"Beating" Checksums

dizzyspi

Dizzyspiral

Posted on October 26, 2022

"Beating" Checksums

Checksums. The often-ignored string of hex characters that accompany most software downloads. Checksums are meant to help you, the end user downloading and installing software from the wild wild internet, verify that what you got is actually what the developers released.

Being the very responsible and security-conscious person you are, I'm sure you verify the checksum on everything you download. Do you actually diff the checksums? Or do you, like me, just eyeball it sometimes?

TrueNAS Core sha256 checksum

I bet you eyeball it. It's faster. We're lazy. And checksums are designed to be wildly different with just small changes in the input. So if, say, the beginning and the end of the checksums match, chances are the whole thing matches. Right?

Right?

That's the subject of today's blog post! Beating checksums is a thing security researchers often have to, though typically they're not packaging their stuff to be a particular checksum if they can help it. That's hard to do, and usually it's easier to find a way to defeat the check - like stuffing your code/data/whatever into something that doesn't get checksum'd at all. But what if you have to beat the checksum? And what if the checksum you're beating is checked by a human?

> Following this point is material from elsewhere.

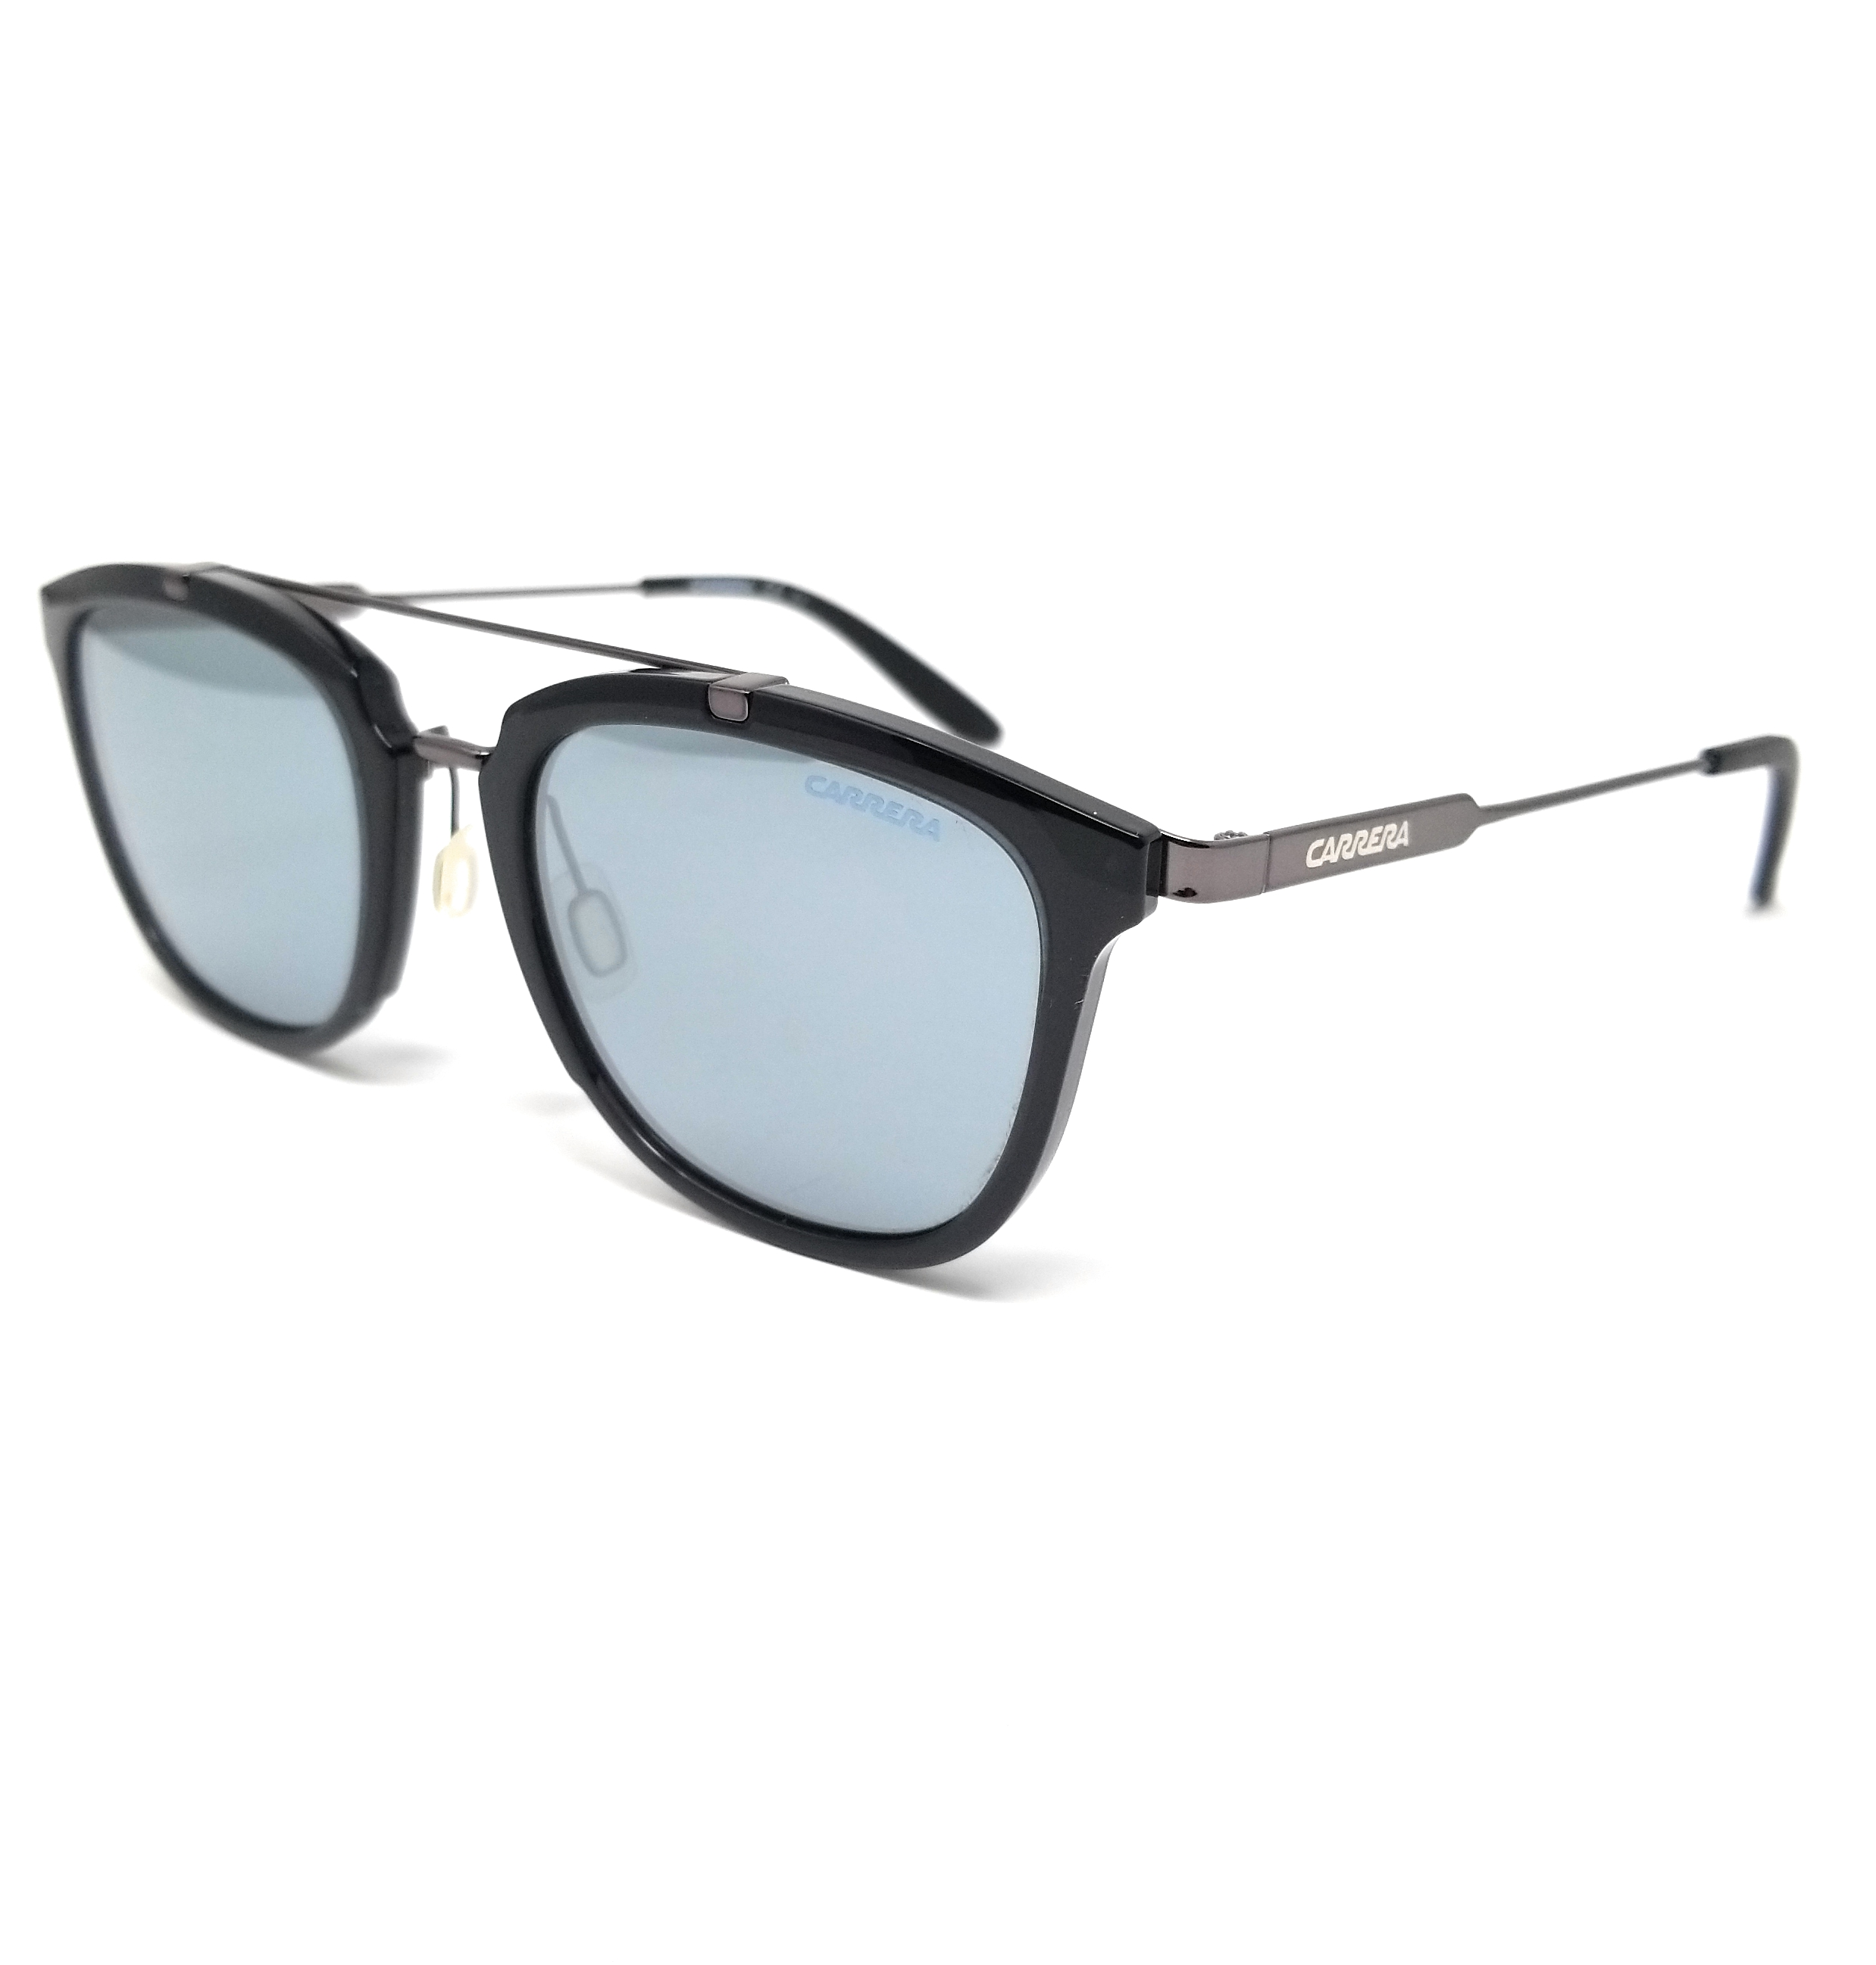 Carrera Sunglasses 127S I48 Grey Ruthenium Square Men/'s 51x21x145

I hypothesize (from my very rigorous sample size of me and my coworkers) that lots of people only check the beginning and end of a checksum, and maybe a few stand-out patterns in the middle if they're feeling particularly paranoid. Can we build something that'll pack arbitrary data to match the beginning and end of a checksum? Let's call the beginning/end about 5 characters each, in keeping with the researched limits of short-term memory.

I know nothing about checksums, and today isn't the day I'm going to get all hot and bothered for math, so I'm going to do a little light research on manipulating checksums and see what techniques are generally used.

Research

Okay so first off, I found this paper that explained something I knew to be true - CRC checksums aren't secure (and are largely not used anymore because of this). I mostly see sha256 these days, so that's what we'll try to "beat."

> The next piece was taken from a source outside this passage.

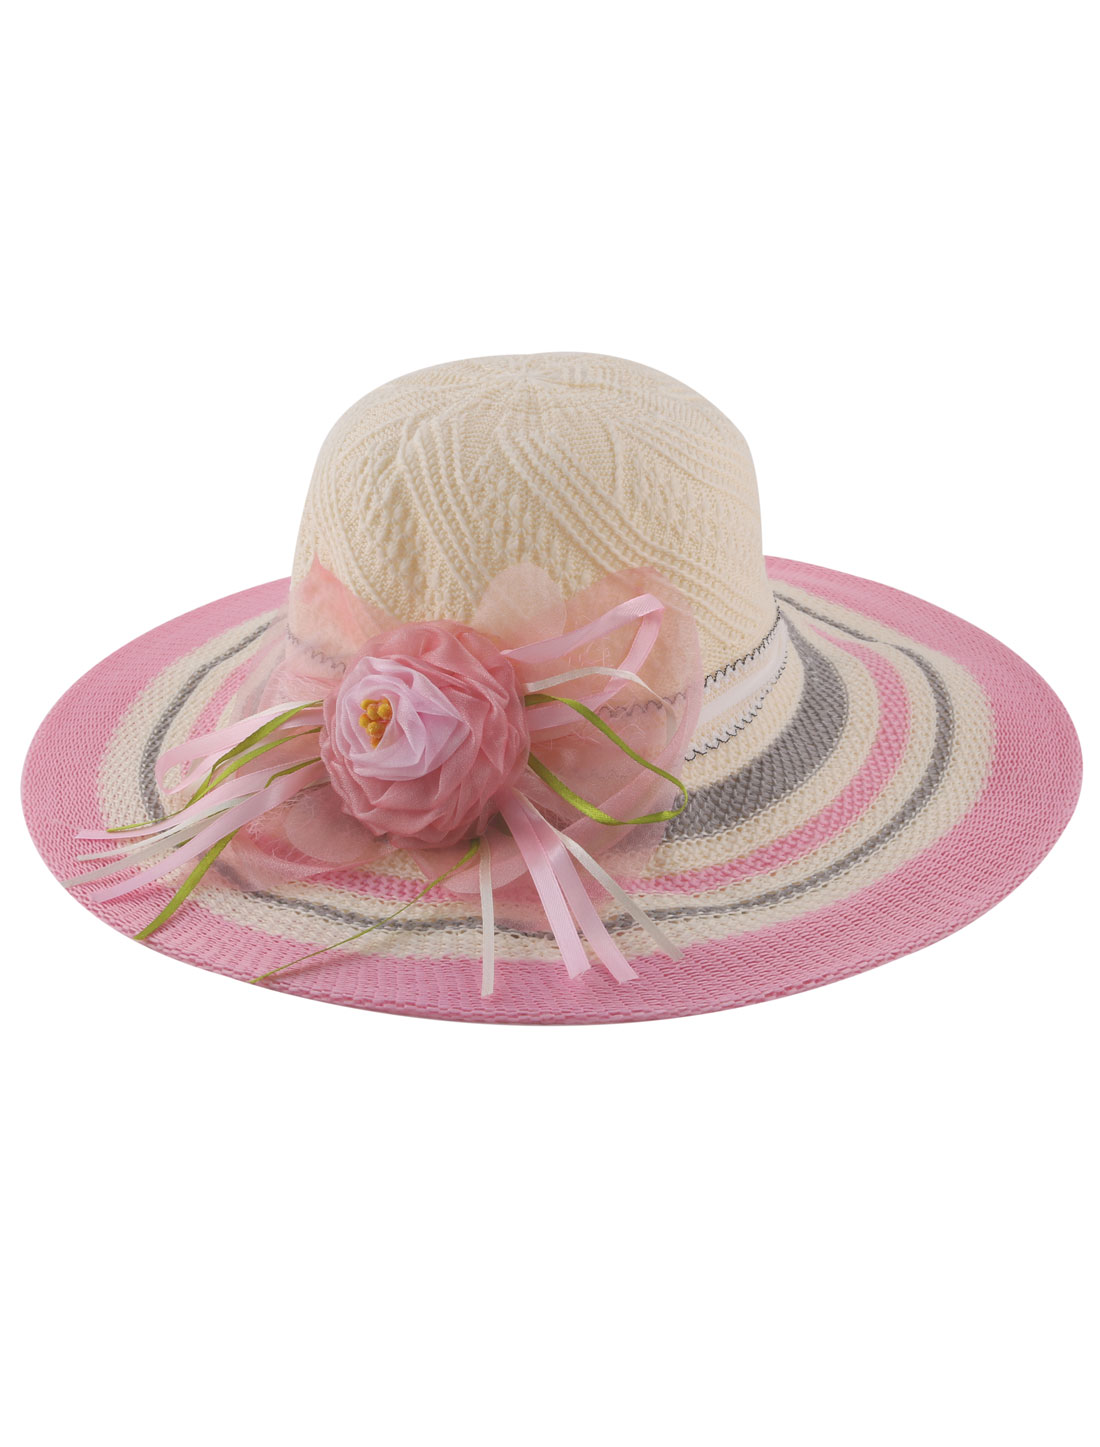 Lady Polyester Braided Pink Organza Floral Decor Chin Strap Beach Sun Hat Wide Brim Beige

Second... it turned out there's no way to get a handle on this problem without learning some math (ugh) so here we go on SHA-256:

A graphic depicting the sha256 algorithm internals
By kockmeyer - Own work, CC BY-SA 3.0

SHA-256 is a hashing algorithm that turns your input into 512-bit chunks and does some math on them, then uses that to produce a 256-bit value. This hash is computed 64 times, with new input data for each round based on the previous round. If you want a deep dive into the math on this, here's a video of doing a round out by hand. If you want something a bit more digestible, this video is an excellent visual breakdown.

Third, there's lots of bitcoin bullshit videos out there saying that hashes are always unique. This isn't true. 256 bits is a lot of playground to work with - 115,​792,​089,​237,​316,​195,​423,​570,​985,​008,​687,​907,​853,​269,​984,​665,​640,​564,​039,​457,​584,​007,​913,​129,​639,​935 unique values, to be exact. And while conceptually this means you could have a unique hash for every bit of unique data that could ever be created, things are just not quite that simple. Hash collisions (where the same hash is generated for two completely different inputs) exist. They're just hard to find.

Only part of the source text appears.